Dos, los tontos irredimibles:

No hay modo de salvarse de ellos. Son manadas. Son refractarios al sentido común y a la menor recomendación que los distraiga de su rutina diaria, e innecesaria. (No los individuos que deben salir a trabajar porque no tienen alternativa, por supuesto, y lo hacen atenidos a la conciencia del riesgo inevitable de tener que hacerlo, no, sino quienes no se soportan en familia o en casa, y necesitan el hábitat de la vagancia, el delito o la frivolidad; los que no son ni tienen destino de valor ni acaso les importe el derecho a la felicidad, y lo mismo les da la vida y el futuro del vecino y del prójimo; los que en la anónima cotidianidad da igual que existan o que no, y ahora, cuando la muerte puede escupirse en cualquier esquina, son bombas de contagio en su indeseable andanza callejera).

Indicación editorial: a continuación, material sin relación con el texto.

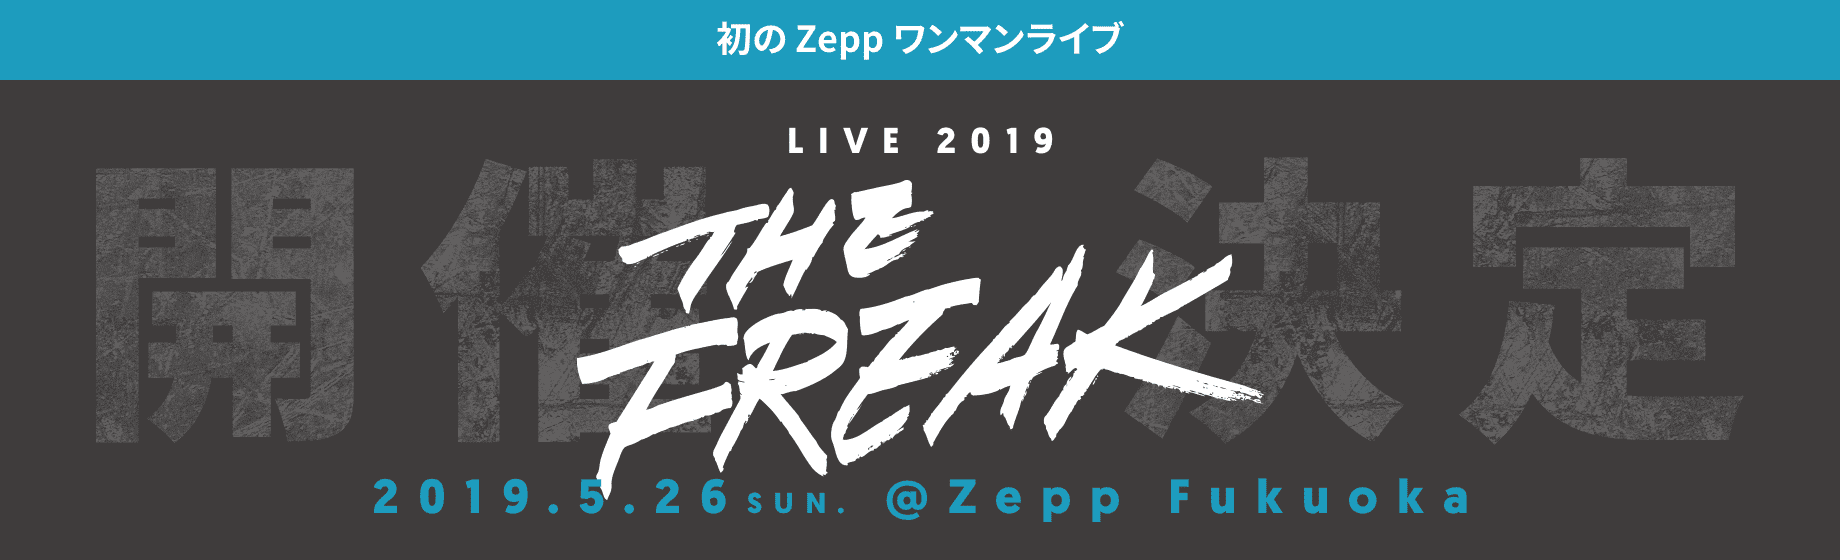 LIVE 2019 THE FREAK 開催決定

No hay modo de salvarse de ellos. Y ahora, cuando la pandemia abruma y no la sienten y no existe para ellos -porque no han tosido a muerto ni la muerte ajena los conmueve-, salen cada vez más, y más seguros de que el mundo ya está siendo el mismo de sus mejores tiempos, y uno siente su aleteo y sabe que han de ser como los murciélagos chinos posibles de la mutación originaria. Y sabe que lo único que se puede hacer con ellos, desde el claustro y la impotencia, es maldecirlos.